In its petition, the New England Teamsters and Trucking Industry Pension Fund said the appellate court’s decision reversing the district court’s finding of a partnership-in-fact is based on its “reluctance” to impose withdrawal liability for private equity funds and provides “a blueprint for such funds to escape withdrawal liability while securing virtually risk-free investments in portfolio companies with known, unfunded pension liability.” The pension fund says the decision limits recovery of withdrawal liability by multiemployer pension funds.

New England Teamsters argues that the 1st Circuit decision failed to follow the totality of the circumstances test outlined by the Supreme Court in Commissioner v. Culbertson (1949), which the fund says, “is the seminal case in determining whether a partnership exists.” The fund says the appellate court’s analysis under Luna v. Commissioner, a 1964 Tax Court case, is narrower. “By limiting its analysis to the ‘Luna factors,’ the decision ignores the facts that throw light on the ‘true intent’ of the parties, specifically the undisputed fact that all of the entities in question were controlled by the same two men,” the petition says. “As the sole members of the limited partner committees, [the two men] made all of the decisions (both before and after the purchase of SBI), while hiding behind the guise of an LLC.”

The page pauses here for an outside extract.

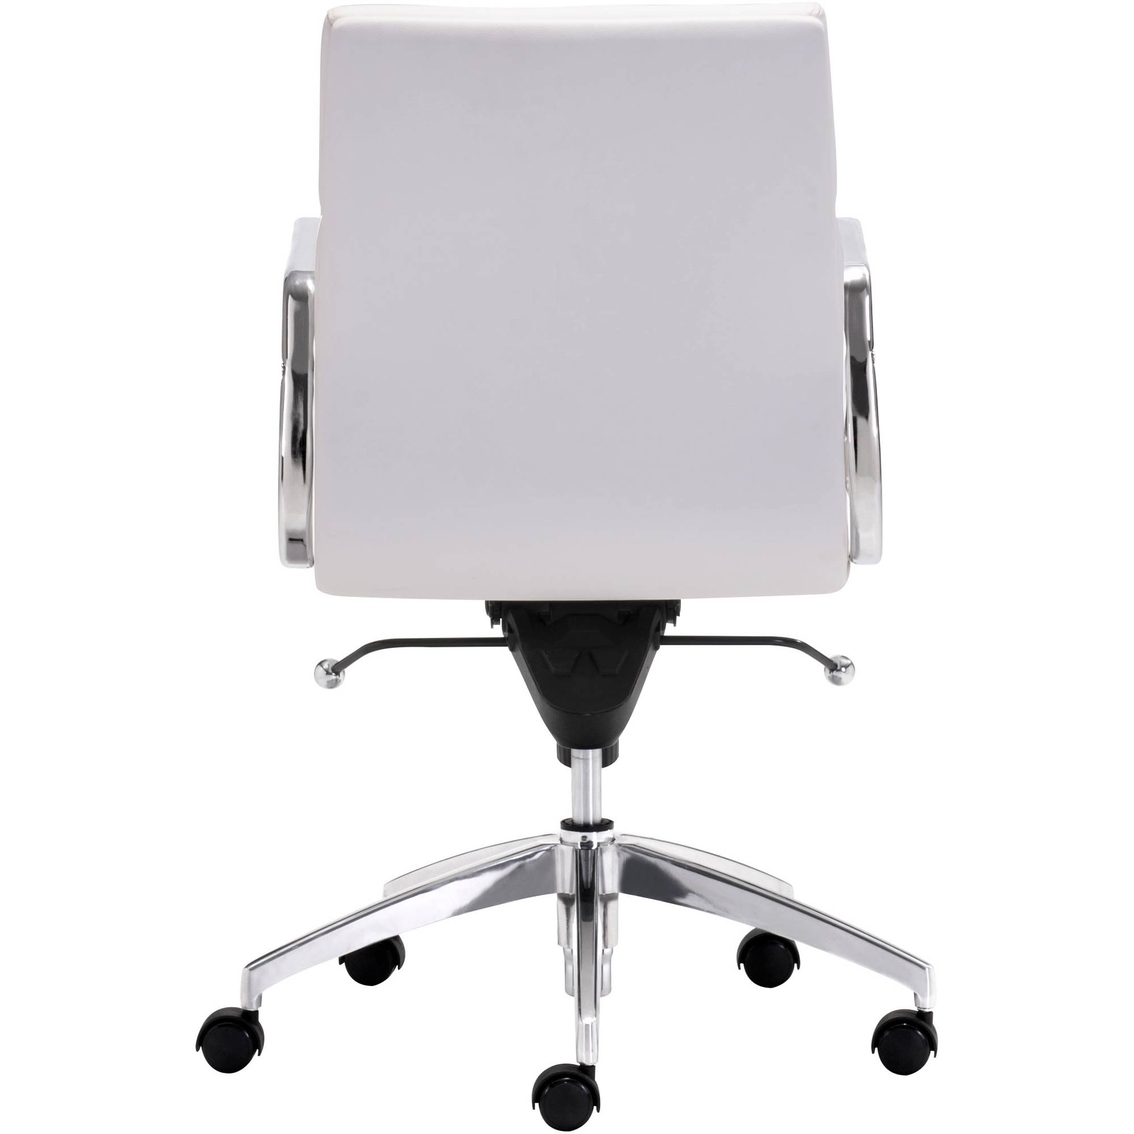 Zuo Modern Engineer Low Back Office Chair - Image 2 of 4

In addition, New England Teamsters says the 1st Circuit’s analysis is informed by a misstatement of the purpose of ERISA and the MPPAA. “It finds without justification that a principal purpose of the statute is ‘to encourage the private sector to invest in, or assume control of, struggling companies with pension plans.’ Citing this misstatement, it seeks authorization from Congress and the Pension Benefit Guaranty Corporation (PBGC) which reaches beyond what is provided in the current statute in order to hold private equity funds liable for withdrawal liability,” the petition says.

The pension fund argues that this is at odds with the purpose of the MPPAA acknowledged by the Supreme Court—to protect multiemployer plans from the financial burdens that result when one employer withdraws from a multiemployer plan without first funding its uncovered liabilities.

“In essence, it has created a judicial exemption to withdrawal liability that shields private equity firms,” the petition says.

The case is important as more private equity funds do acquisitions in industries where multiemployer plans are common, according to John Lowell, Atlanta-based actuary and partner with October Three Consulting LLC.